I am often moved to tears during Holy Week as I read the accounts of Jesus’ passion, death, and resurrection in the gospels. The enormity of the gift we have been given through the life, death, and resurrection of Christ can be overwhelming. The greatest act of selfless love known to humans. Easter is a time to celebrate that love and the mercy and hope gifted to us through it. As I have been reflecting on the hope of Easter amid the horrific suffering of the innocent seen in the stories of the war in Ukraine, I was reminded of the reflection Easter Blessings by the late Irish poet and philosopher John O’Donohue. In it, O’Donohue reminds us of the light and hope gifted to us in the resurrection. A light and hope that can never be overcome by darkness. I share it with you as you celebrate the hope of Easter in the risen Christ. As you reflect on your own dying and rising with Christ, may Christ crucified and risen draw you to himself, to find in him a sure ground of faith, a firm support for hope, the assurance of sins forgiven, and the inextinguishable light of his love.

Yours in Christ,

Chaplain Mary Marks

Easter Blessings by John O’Donohue (at Dawn Mass Reflections at Corcomroe Abbey, County Clare, Ireland) *

The Easter season is a time of hope. There still is fear, there still is a painful awareness of sinfulness, but there also is light breaking through. Something new is happening, something that goes beyond the changing moods of our life.
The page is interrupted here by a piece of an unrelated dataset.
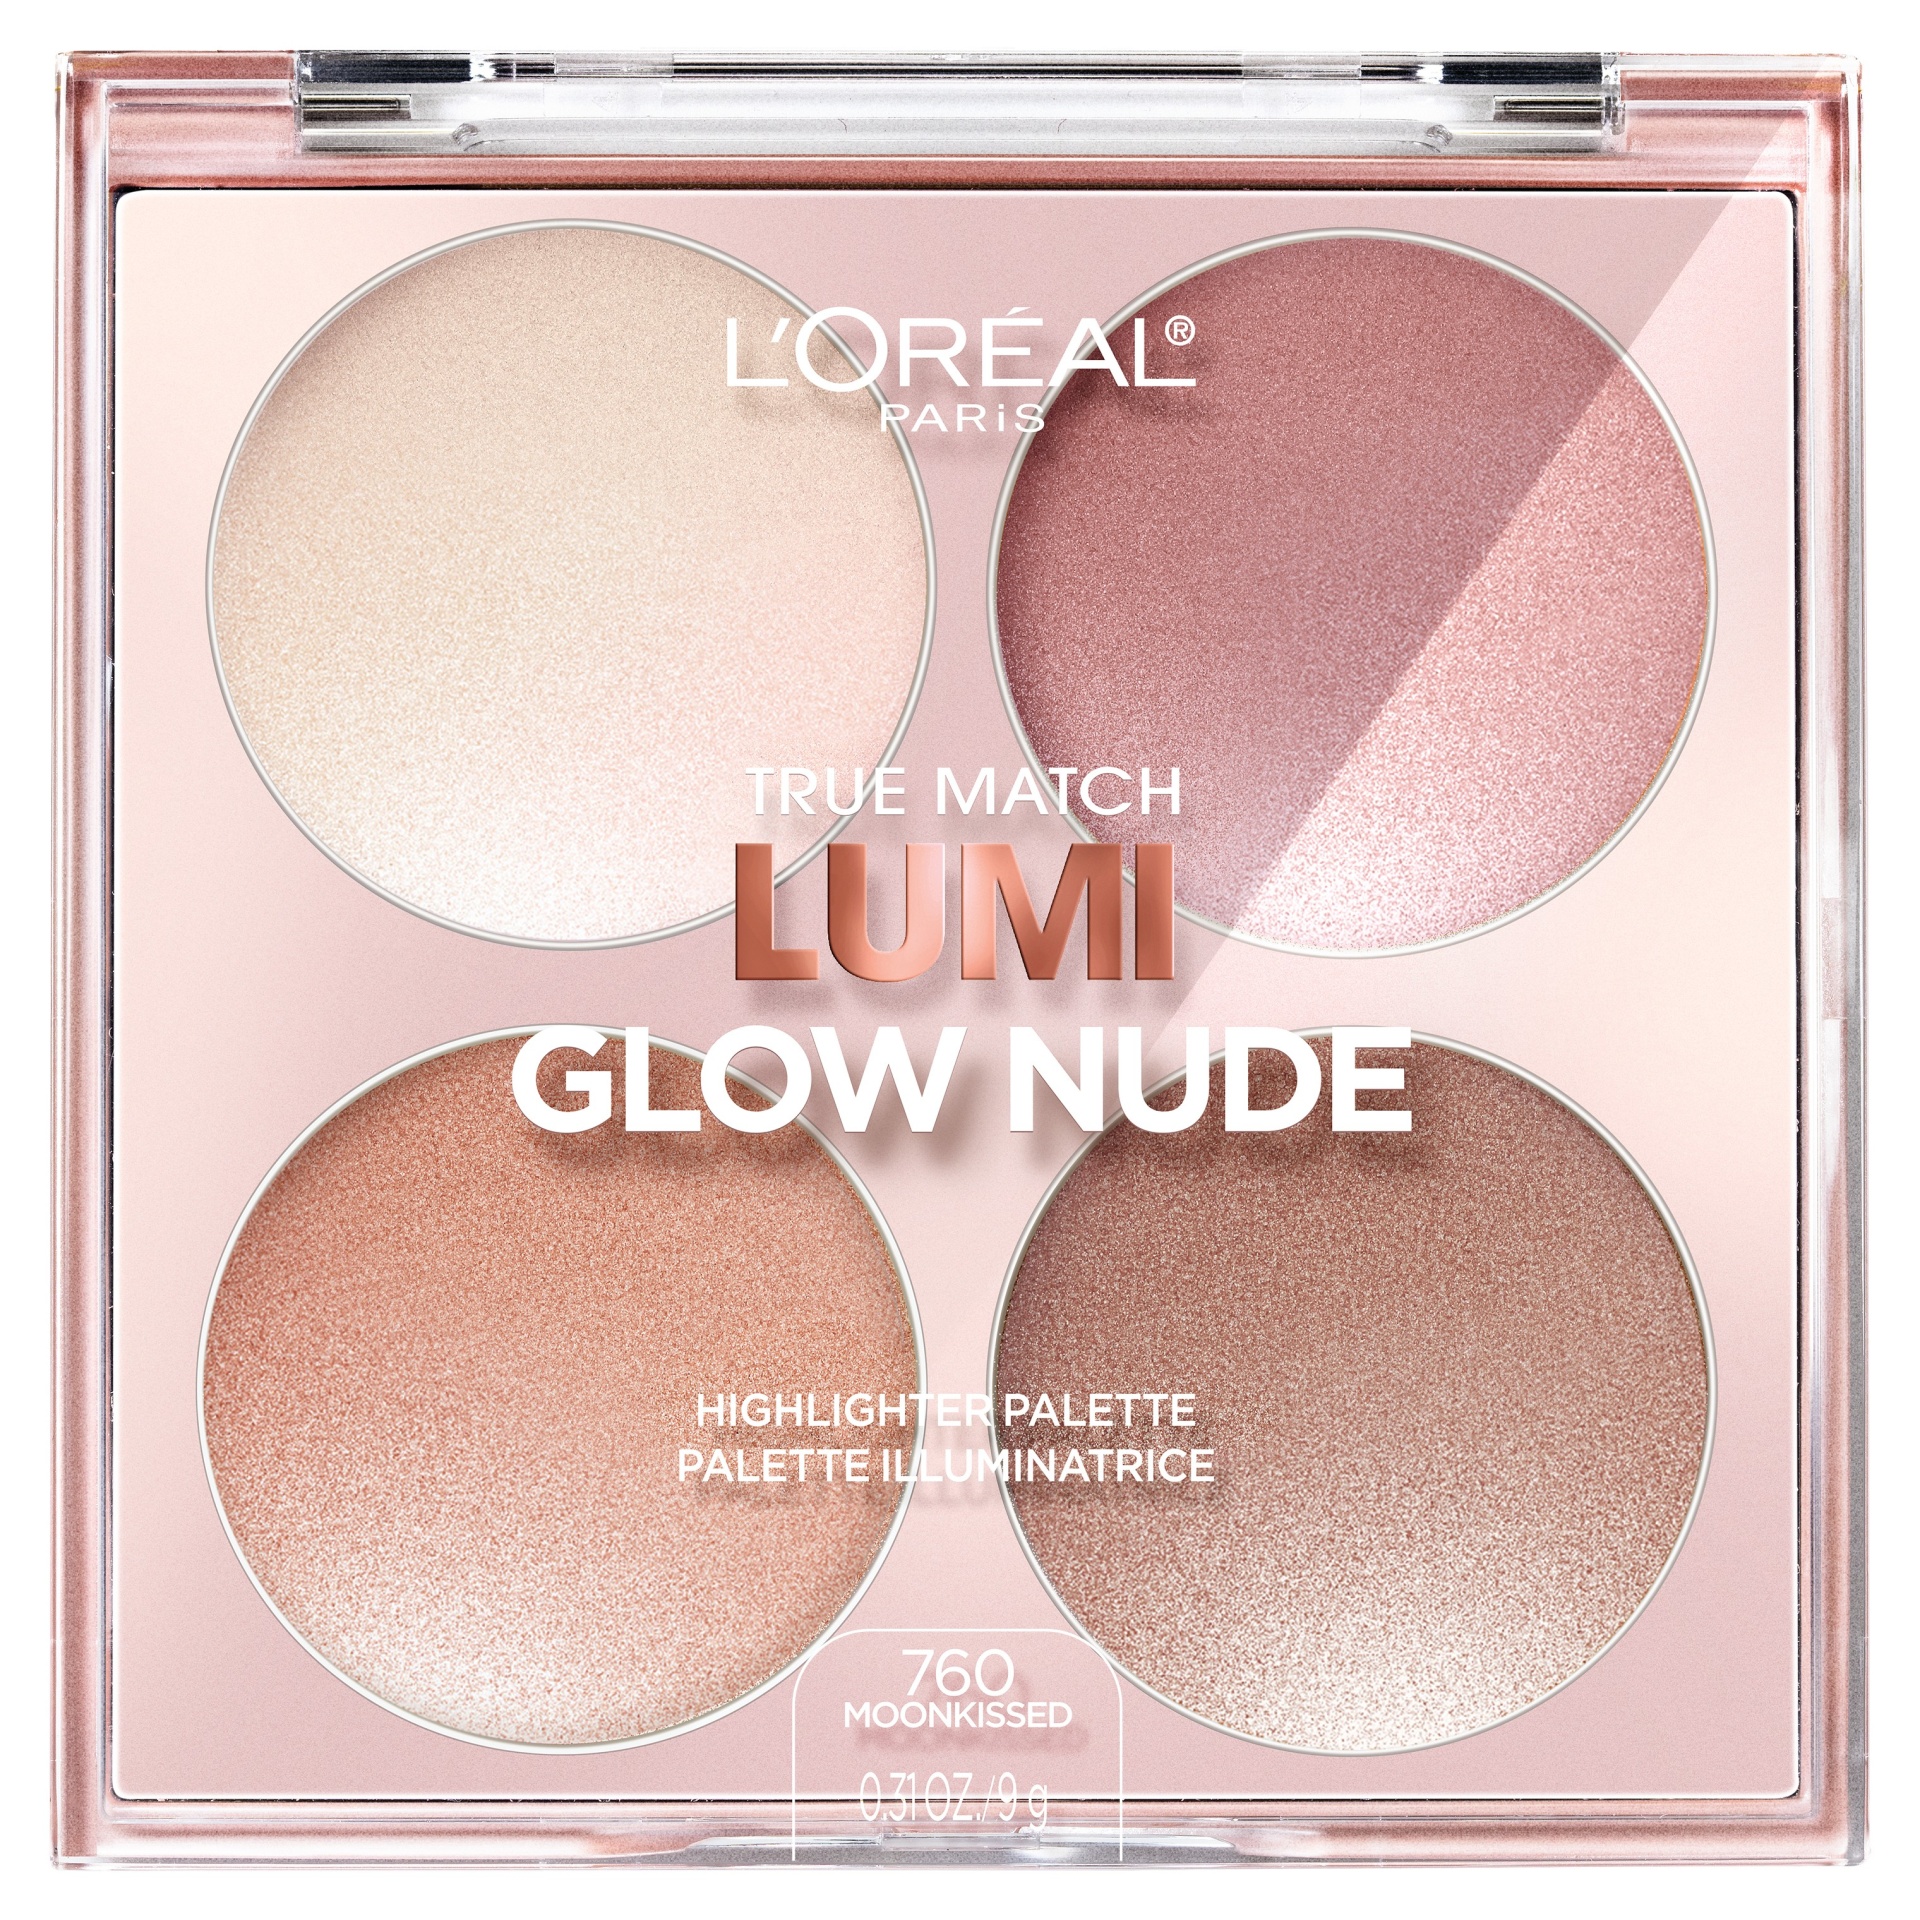 slide 1 of 2, L'Oréal True Match Lumi Glow Nude Highlighter Palette 760 Moonkissed, 1 ct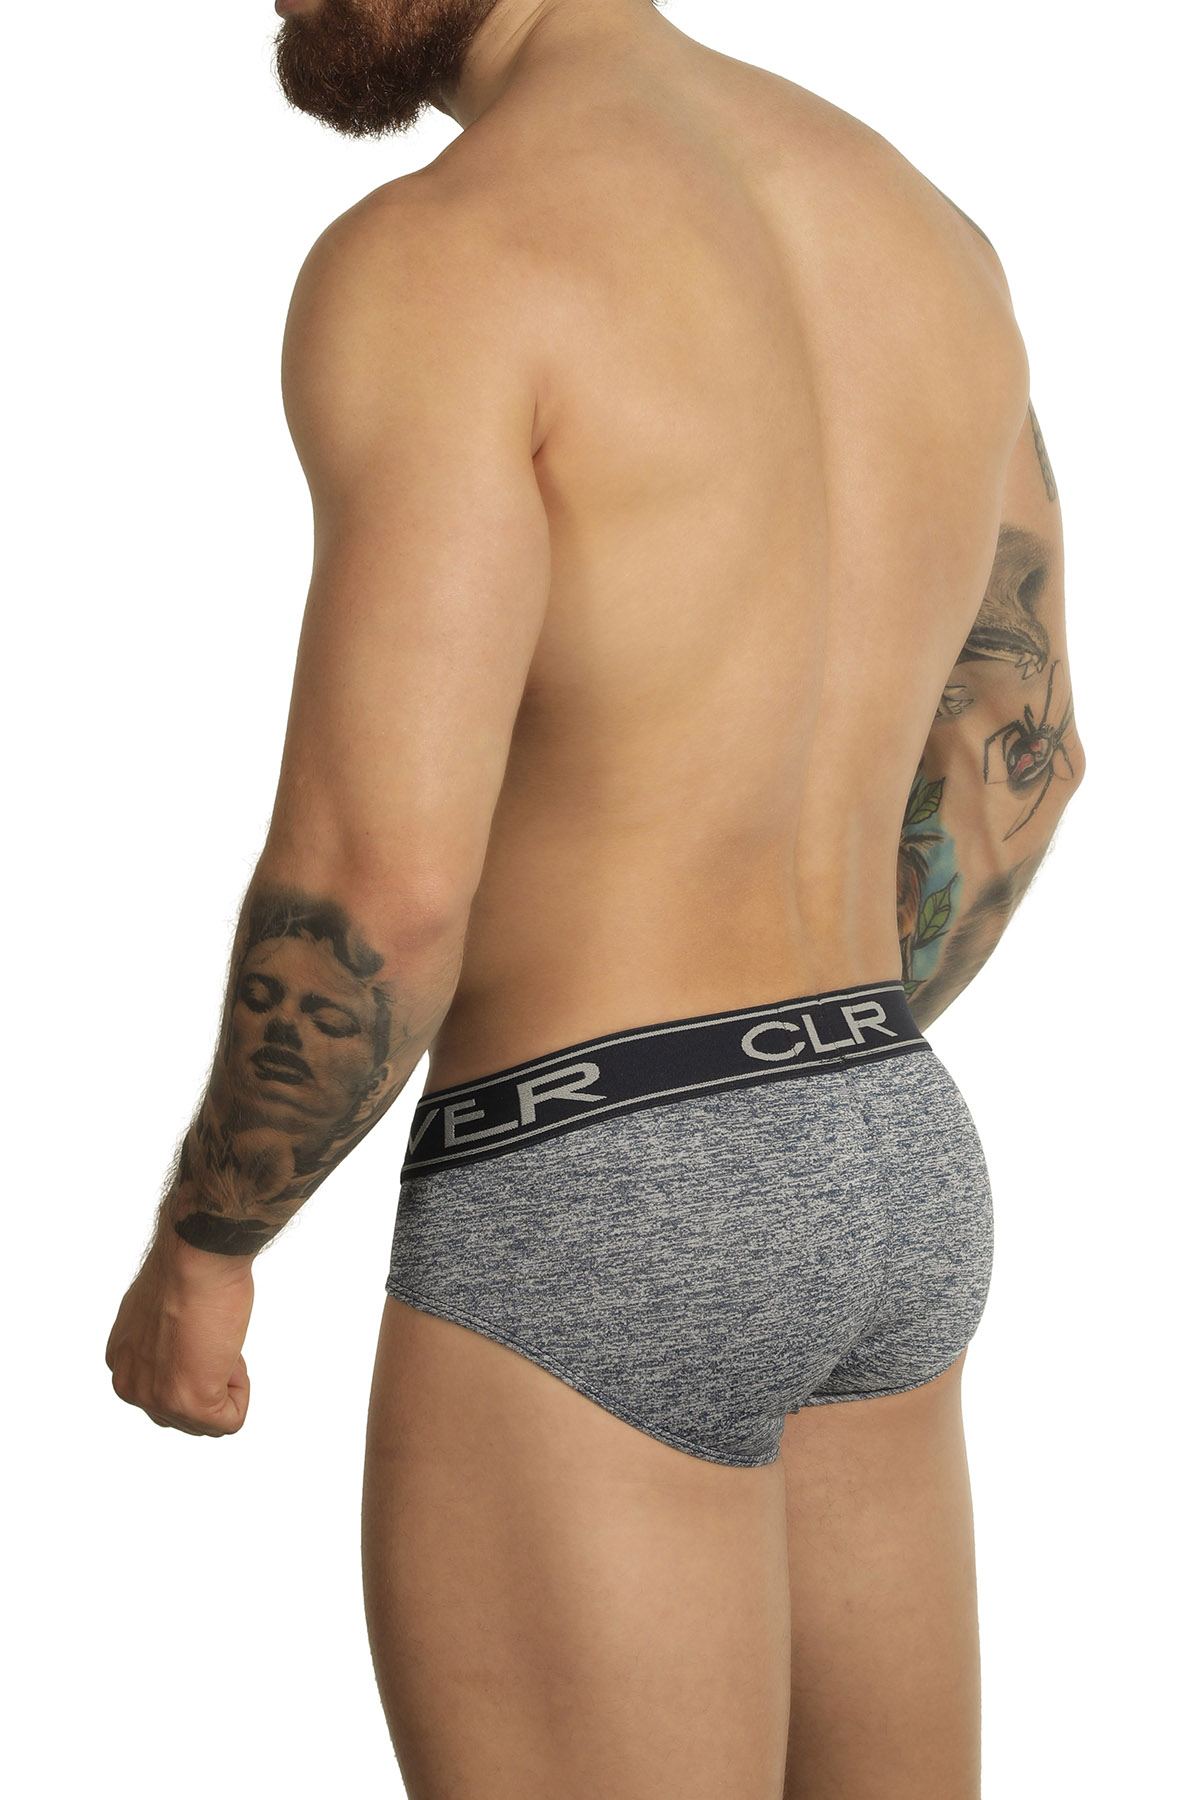 Clever Limited Edition Blue Latin Brief 519916

We can be joyful or sad, optimistic or pessimistic, tranquil or angry, but the solid stream of God’s presence moves deeper than the small waves of our minds and hearts. Easter brings the awareness that God is present even when his presence is not directly noticed. Easter brings the good news that, although things seem to get worse in the world, the Evil One has already been overcome. Easter allows us to affirm that although God seems very distant and although we remain preoccupied with many little things, our Lord walks with us on the road and keeps explaining the Scriptures to us. Thus there are many rays of hope casting their light on our way through life.

On this Easter morning, let us look again at the lives we have been so generously given and let us let fall away the useless baggage that we carry – old pains, old habits, old ways of seeing and feeling – and let us have the courage to begin again. Life is very short, and we are no sooner here than it is time to depart again, and we should use to the full the time that we still have.

We don’t realize all the good we can do. A kind, encouraging word or helping hand can bring many a person through dark valleys in their lives. We weren’t put here to make money or to acquire status or reputation. We were sent here to search for the light of Easter in our hearts, and when we find it we are meant to give it away generously.

May the spirit and light of this Easter morning and the special spirit and light of this abbey at Corcomroe bless us all, watch over us and protect us on our journey, open us from the darkness into the light of peace and hope and transfiguration.